Because the "client" is a guy trying to catch his wife cheating on him and will soon land himself in divorce court. The "legal" issue is that wiretapping laws prevent him putting snoopware on to her machine(s) without her consent. Run away from this project as fast as you can. Unless you are working for the NSA, the first rule of data capture is that you JUST have the permission of the people whose data you're capturing. Bad things happen to techs who skip this step.
His question reminds me of one of my own. I have an office environment who is a client who'd like to have an idea of what kind of Internet traffic and bandwidth their workers are using. Stuff like is Legal using Facebook all day and how many megs are they using doing so?

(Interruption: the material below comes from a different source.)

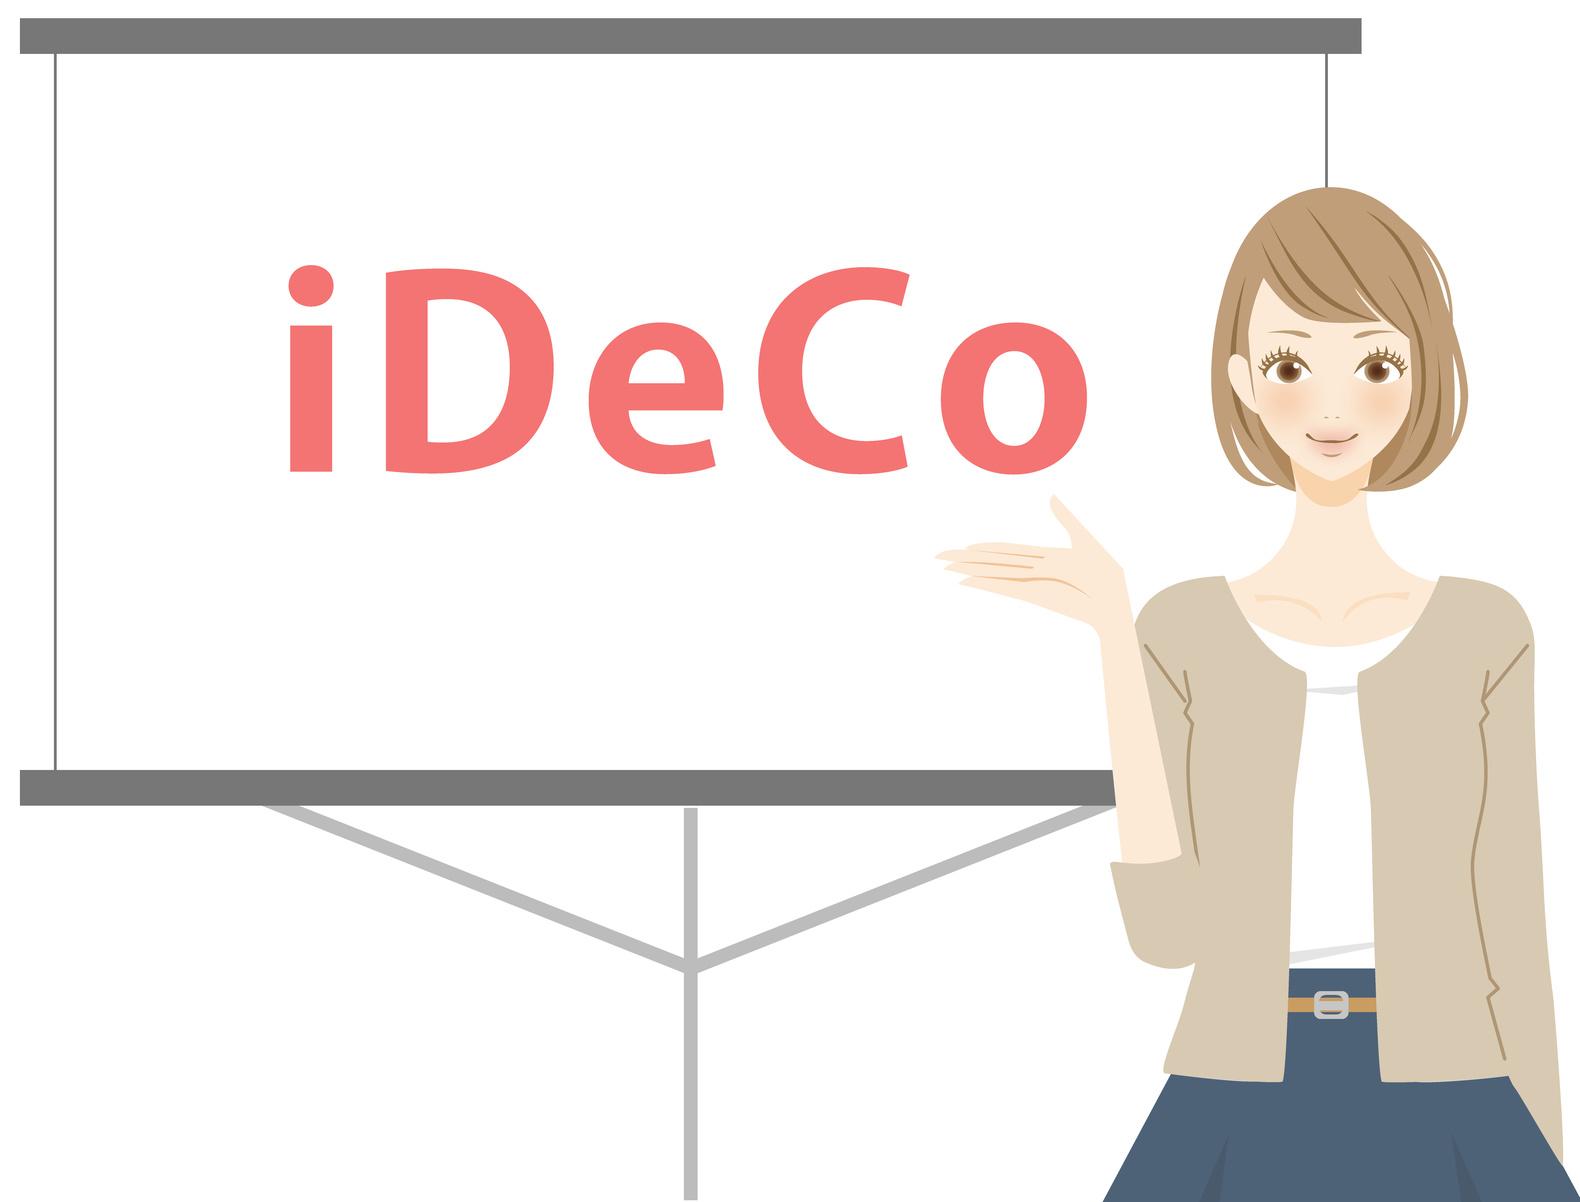 手数料が低いSBI証券のiDeCo口座の魅力!オリジナルプランとセレクトプランの違いから運用商品を徹底解説。
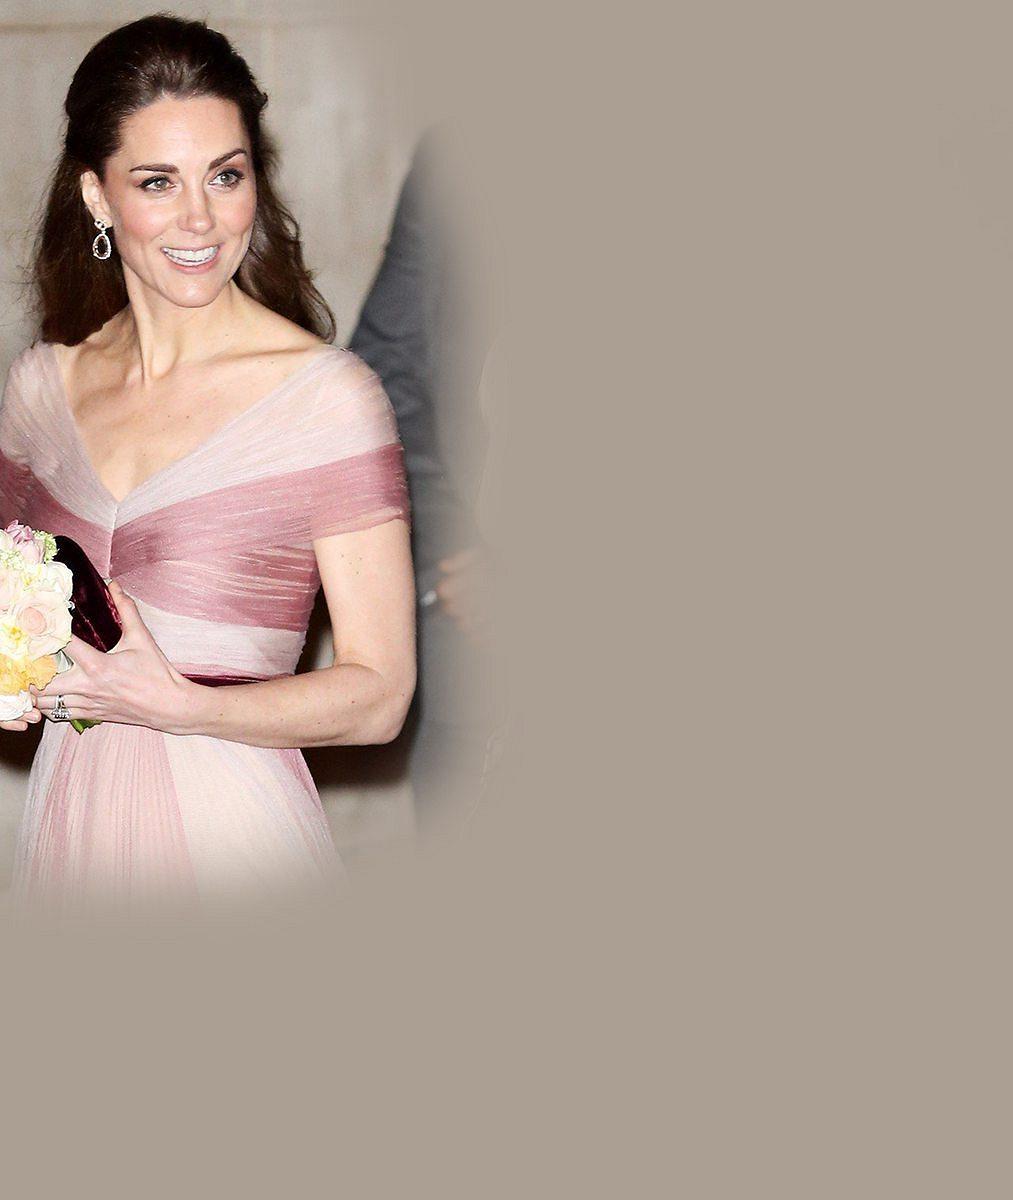 Proč vévodkyně Kate nebyla na utajované oslavě Meghan v New Yorku? Tohle byl prý pravý důvod

Who is the guy streaming music all day and is he affecting the FTP upload of large graphic marketing materials? They have a Cisco router and 10megs bandwidth but want a better picture of how it is being used. I picture some software running against the Cisco logs and making it understandable.
Something pretty and easy to read. :)
http://www.ipcop.org/ Bootable Linux ISO installed on some dinosaur PC hardware. 2 NICs, Inside & Outside. Put behind the Linksys/Netgear/router. Install the Squidguard add on. Transparent Proxy that watches ALL HTTP (TCP port 80) traffic and HTTPS (TCP 443) URL's. transparent for all outbound recording. Designed network bottleneck for all outbound Internet traffic. Configure DHCP client on the outside, and DHCP server to the inside. So all clients receive DHCP services from IPCop. All free.
How long can a troll go?
With each breath in, a flower somewhere opens; with each breath out, a flower withers away. In between lies beauty.
As soon as they find out they're being monitored, they'll just turn off WiFi and use 3G instead. Good luck monitoring that.
But seriously...
1) if you're trying to build this from scratch and are asking slashdot - it's not going to work, and
2) what ever happened to simply stating the rules and expecting everyone to follow them? It sounds like this guy is a serious control freak.
...rather than answering the question, I'm going to tell you that you're doing it wrong.
Your client needs to educate his family. Spying on them isn't going to protect them or teach him anything he wants to know. He should start by educating himself - this has the added benefit that he might realise how pointless this approach is.